Activity: Starting at the line with "Lilla P - Tipped" and stopping at the final line, retype the data below exactly; do not carry over any pictures.

Data segment:
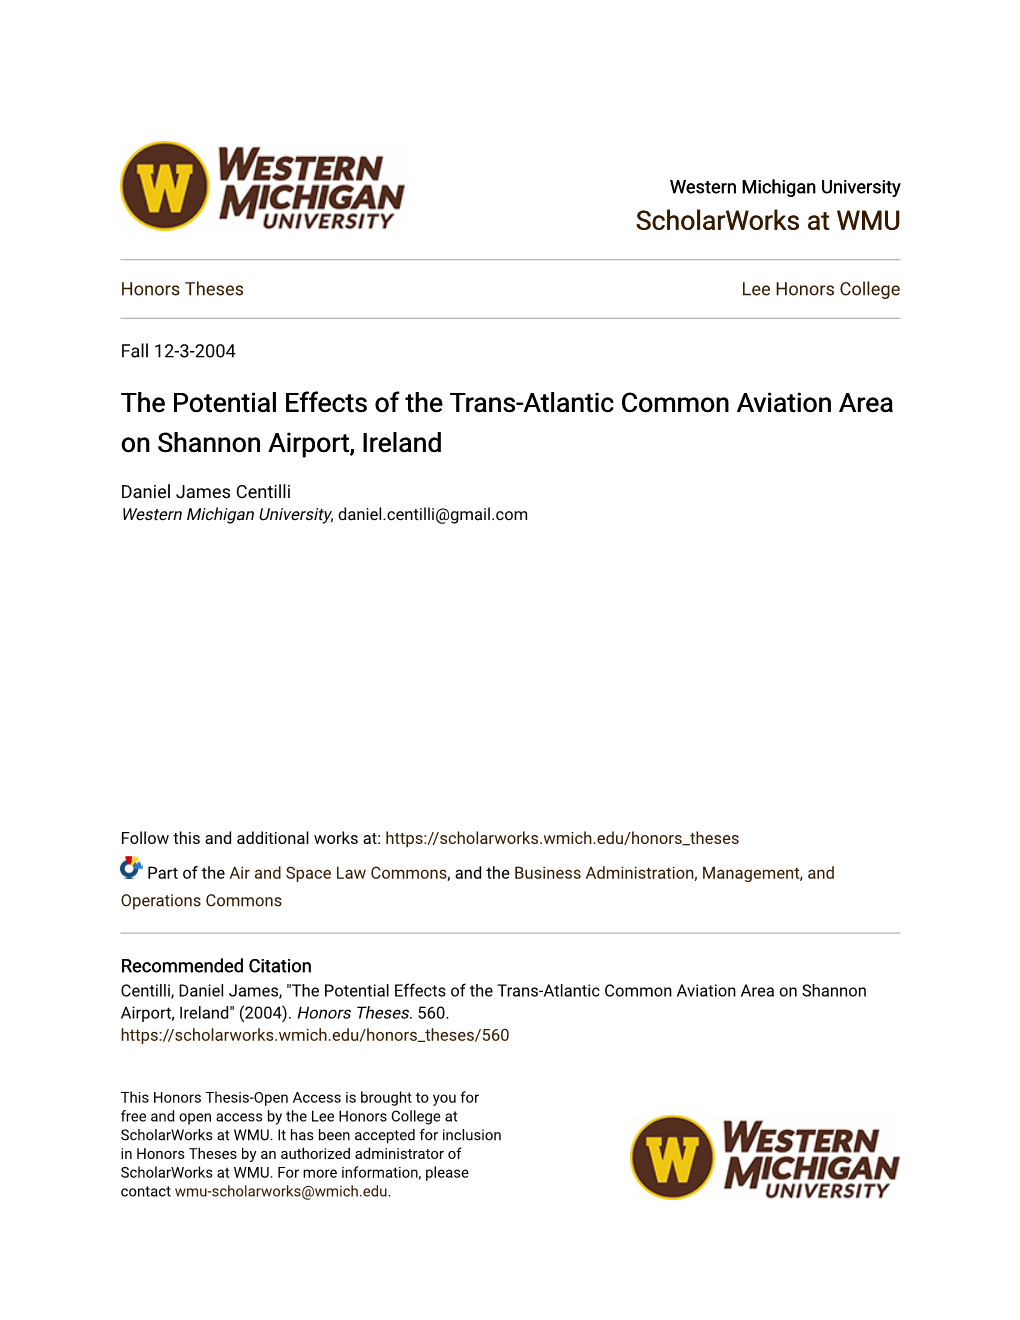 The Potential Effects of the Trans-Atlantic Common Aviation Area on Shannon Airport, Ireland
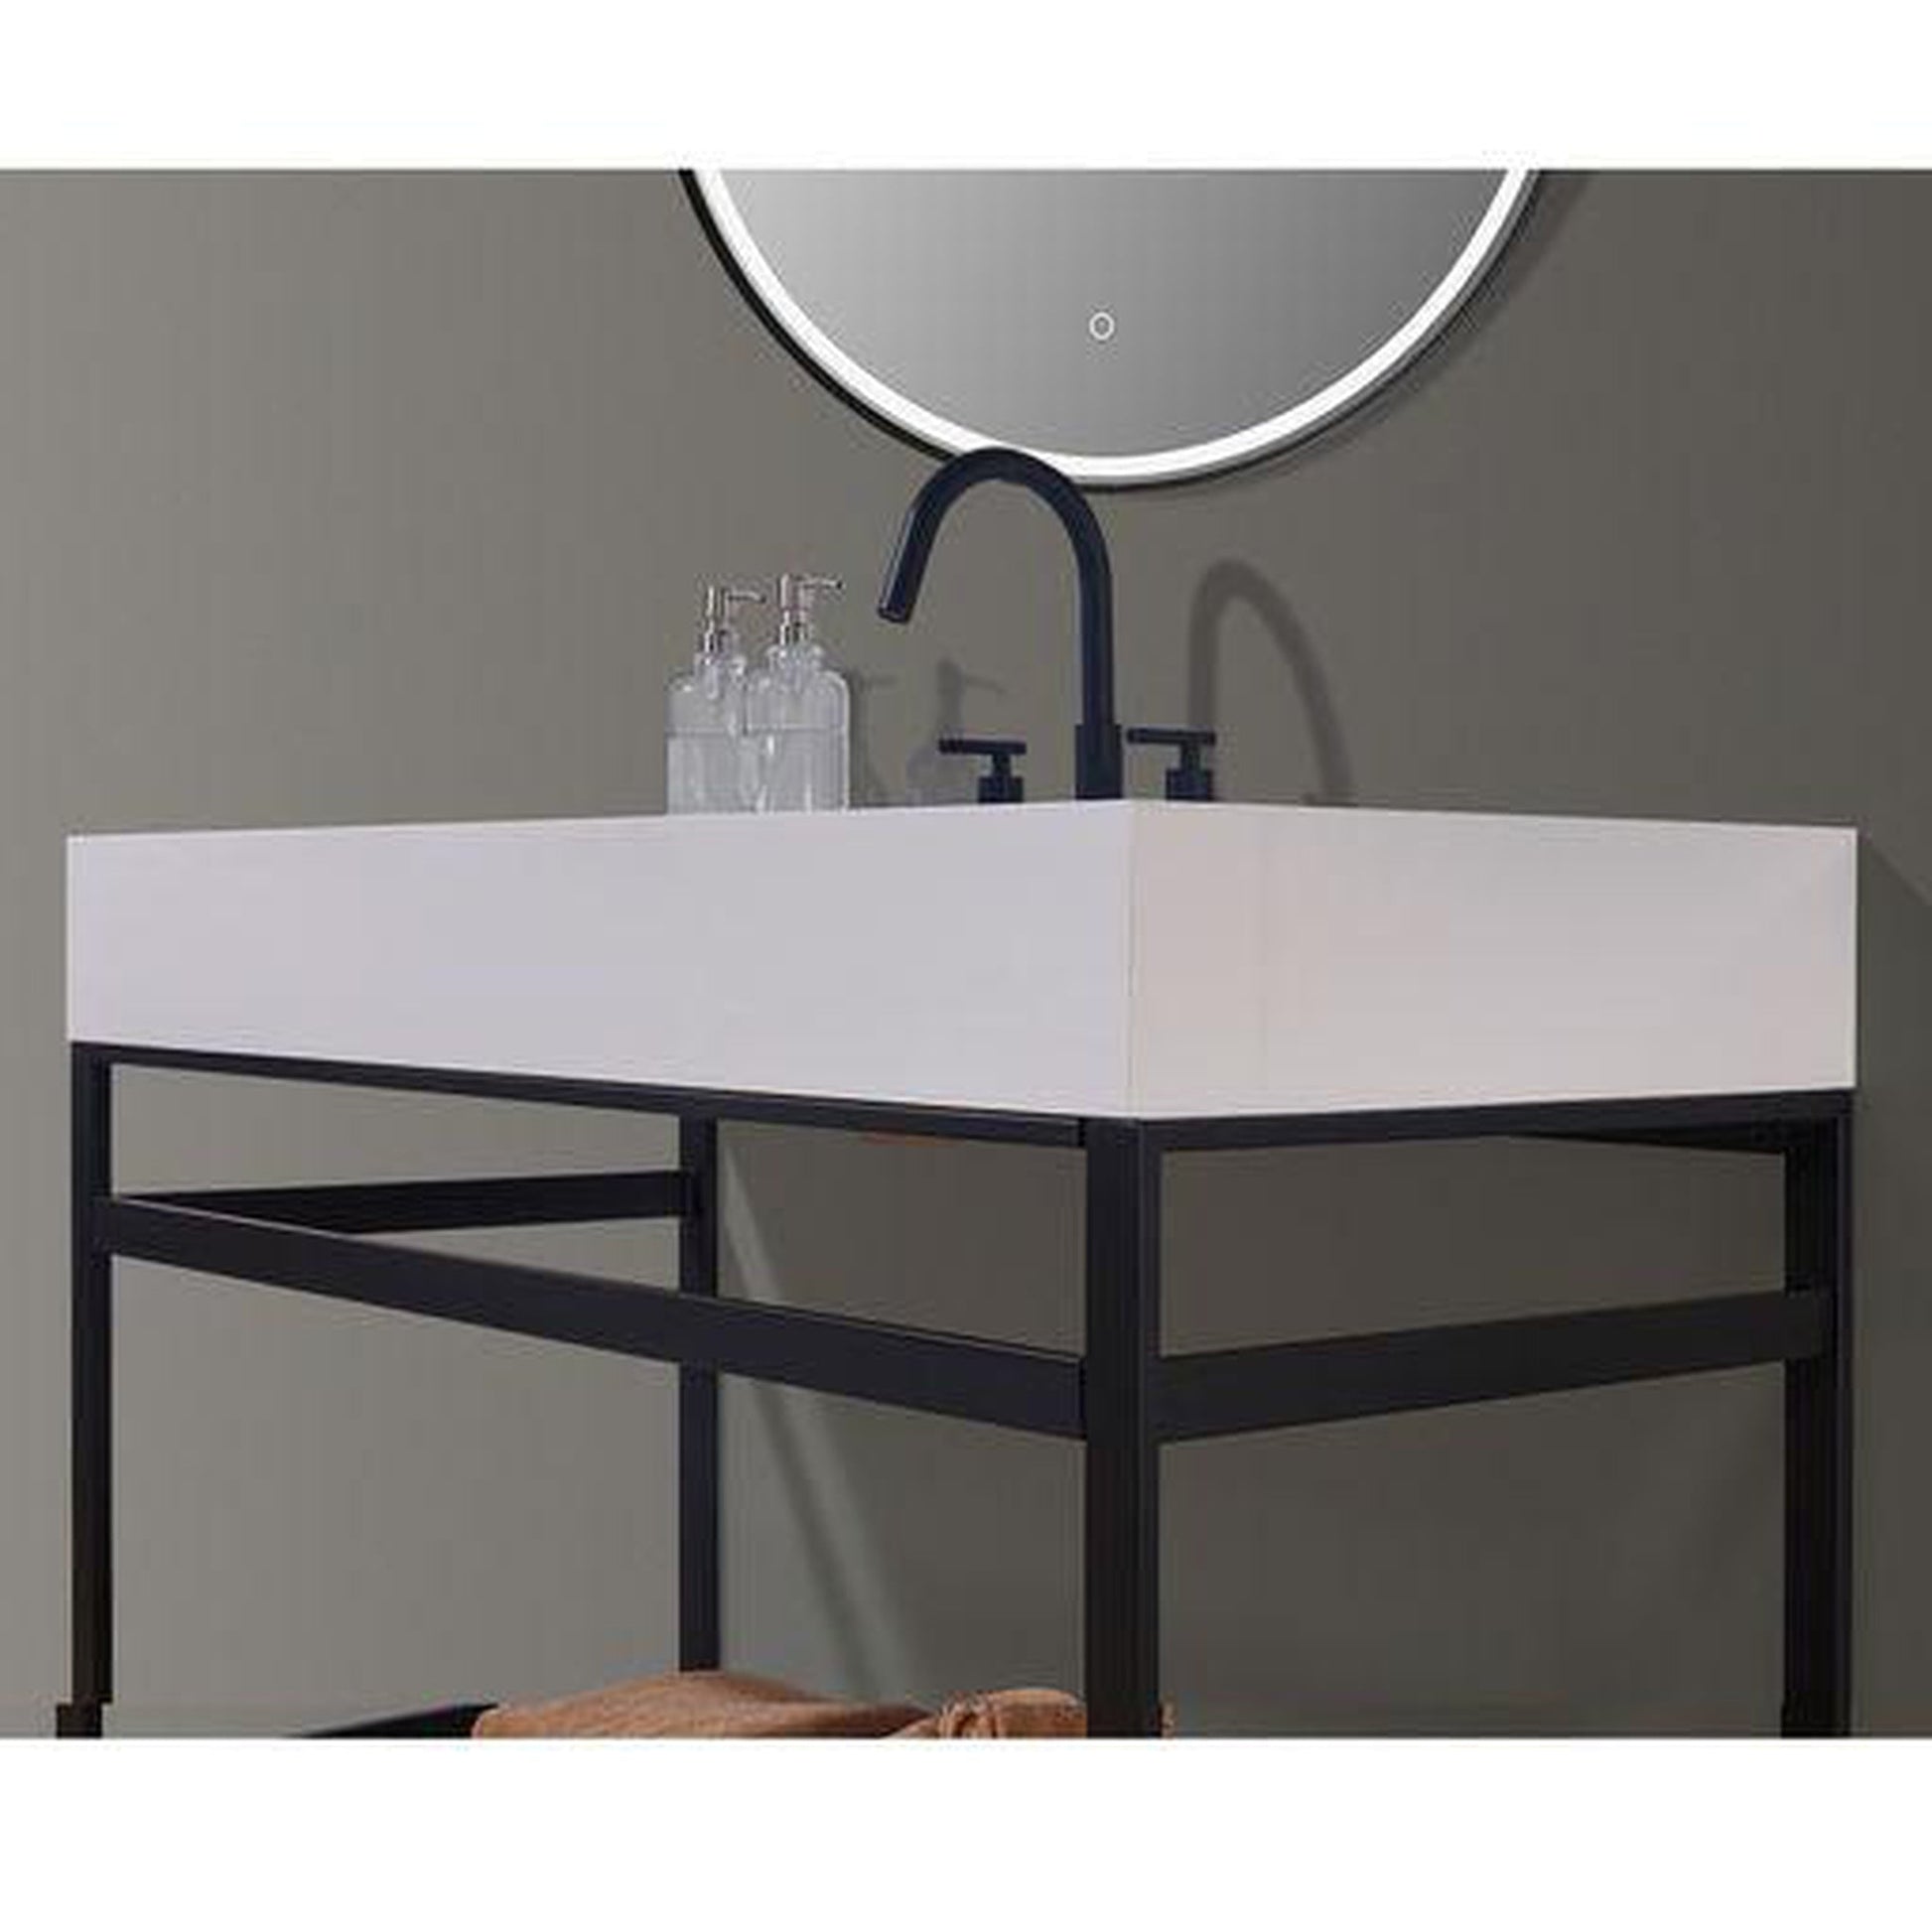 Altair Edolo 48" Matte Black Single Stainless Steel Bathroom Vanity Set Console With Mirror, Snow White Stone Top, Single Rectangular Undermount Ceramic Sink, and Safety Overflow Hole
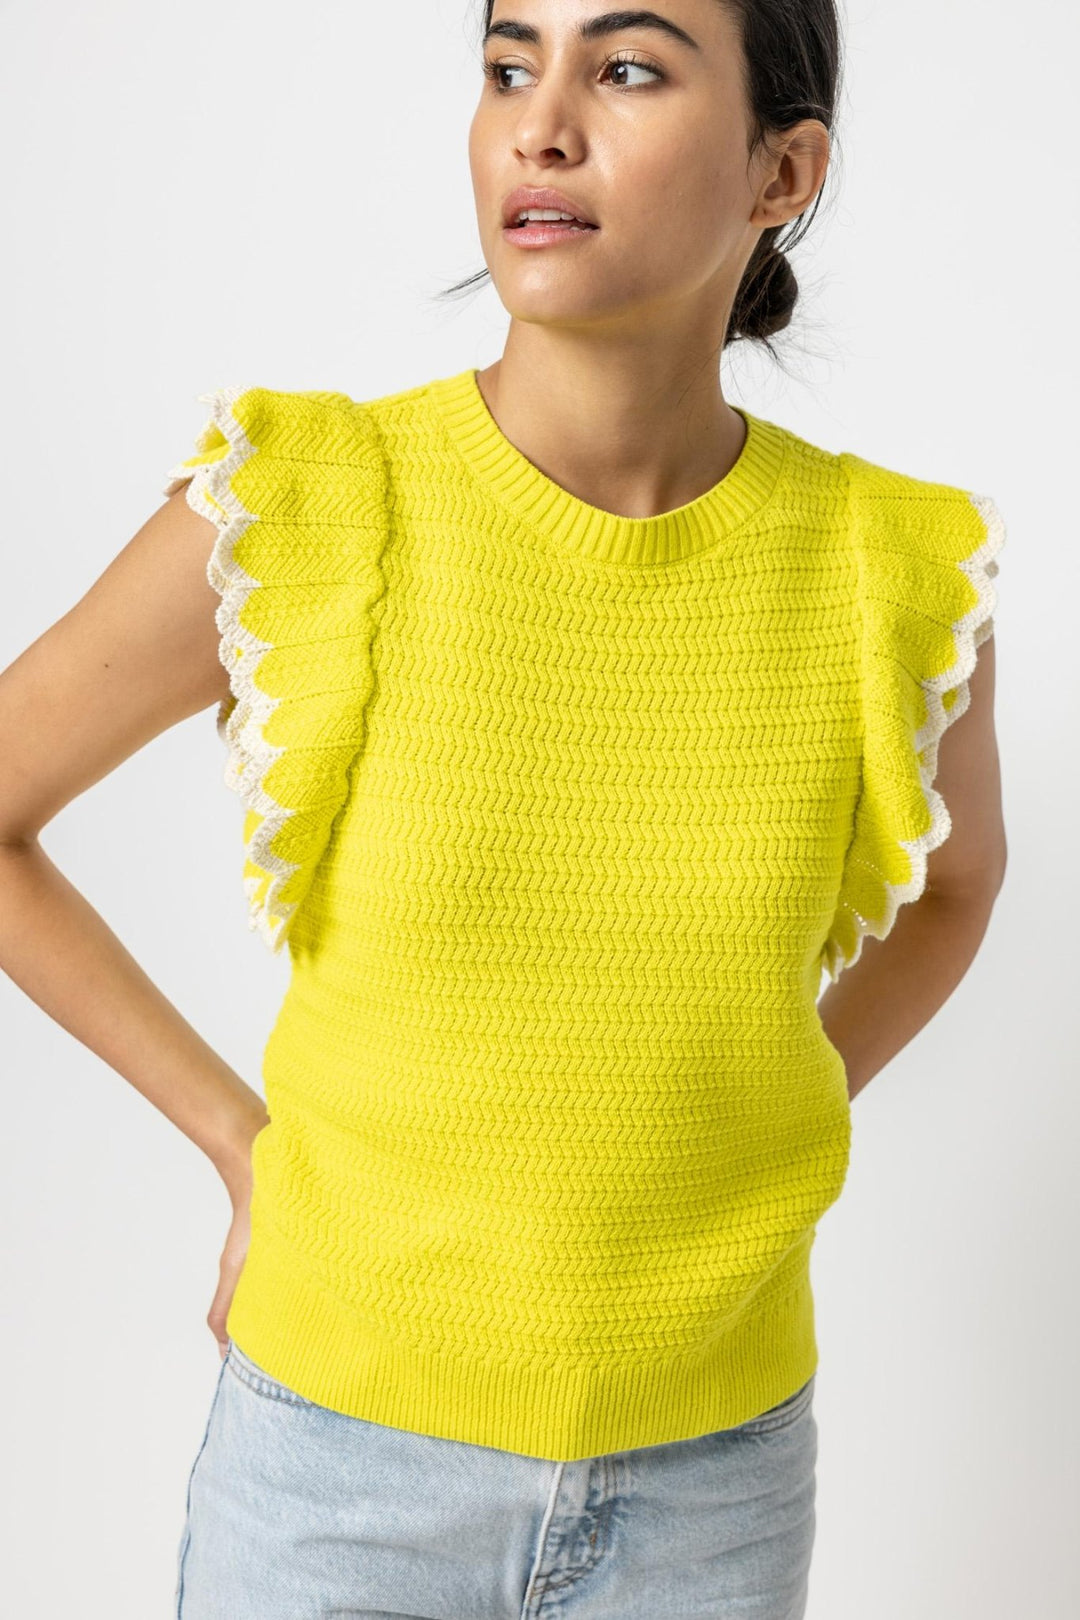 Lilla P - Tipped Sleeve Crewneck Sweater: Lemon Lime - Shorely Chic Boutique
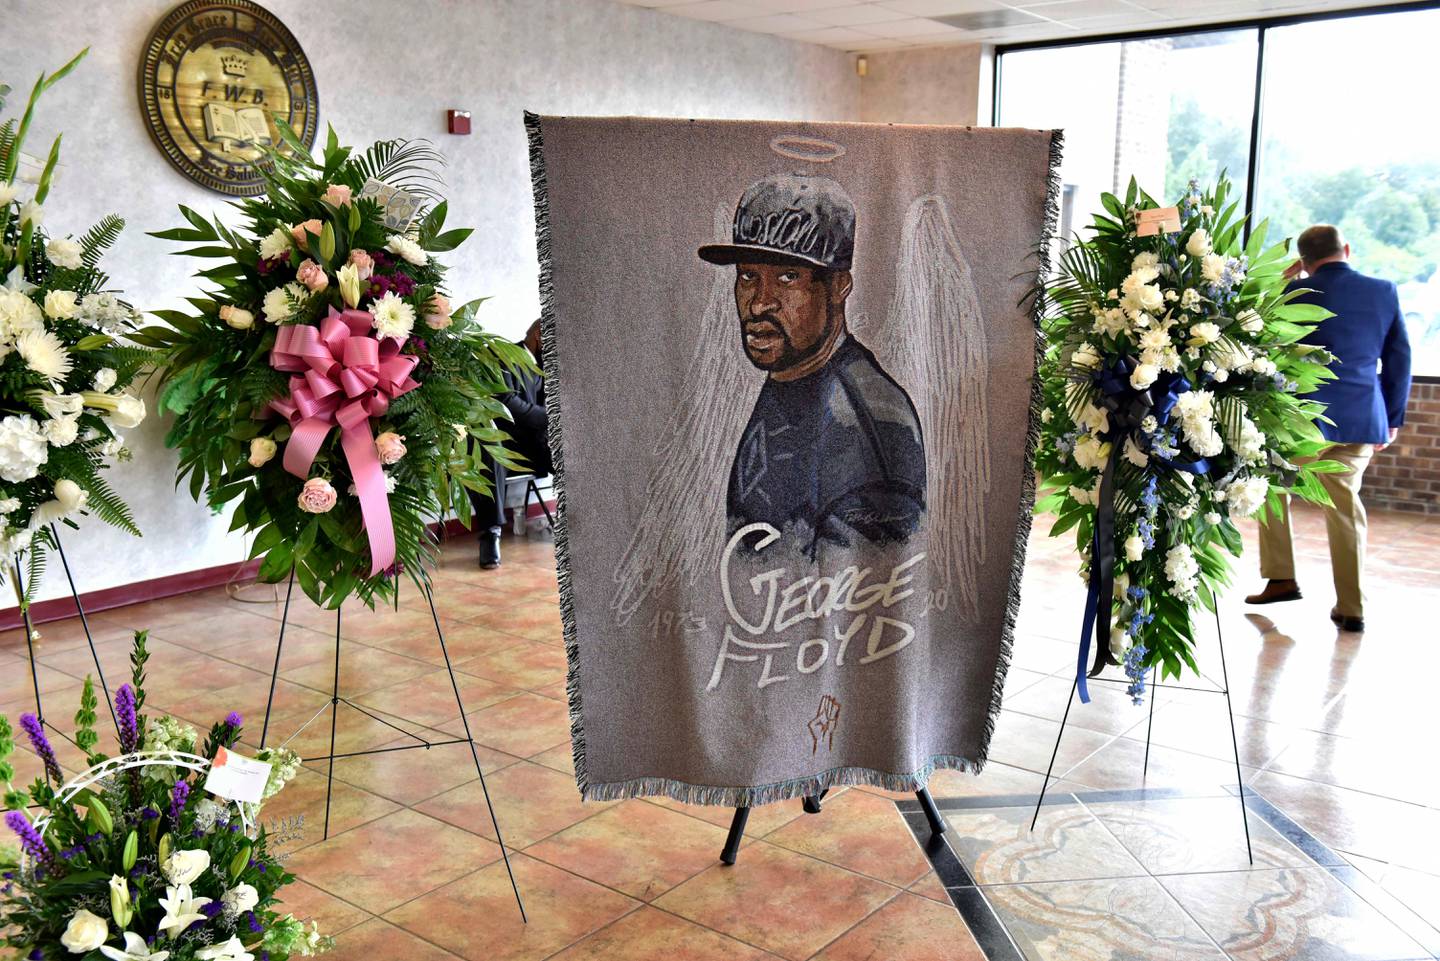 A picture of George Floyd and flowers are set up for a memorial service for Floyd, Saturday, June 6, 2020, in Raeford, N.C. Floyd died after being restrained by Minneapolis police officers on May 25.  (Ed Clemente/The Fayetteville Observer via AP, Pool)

Written reply:
 Lilla P - Tipped Sleeve Crewneck Sweater: Lemon Lime - Shorely Chic Boutique
 A picture of George Floyd and flowers are set up for a memorial service for Floyd, Saturday, June 6, 2020, in Raeford, N.C. Floyd died after being restrained by Minneapolis police officers on May 25.  (Ed Clemente/The Fayetteville Observer via AP, Pool)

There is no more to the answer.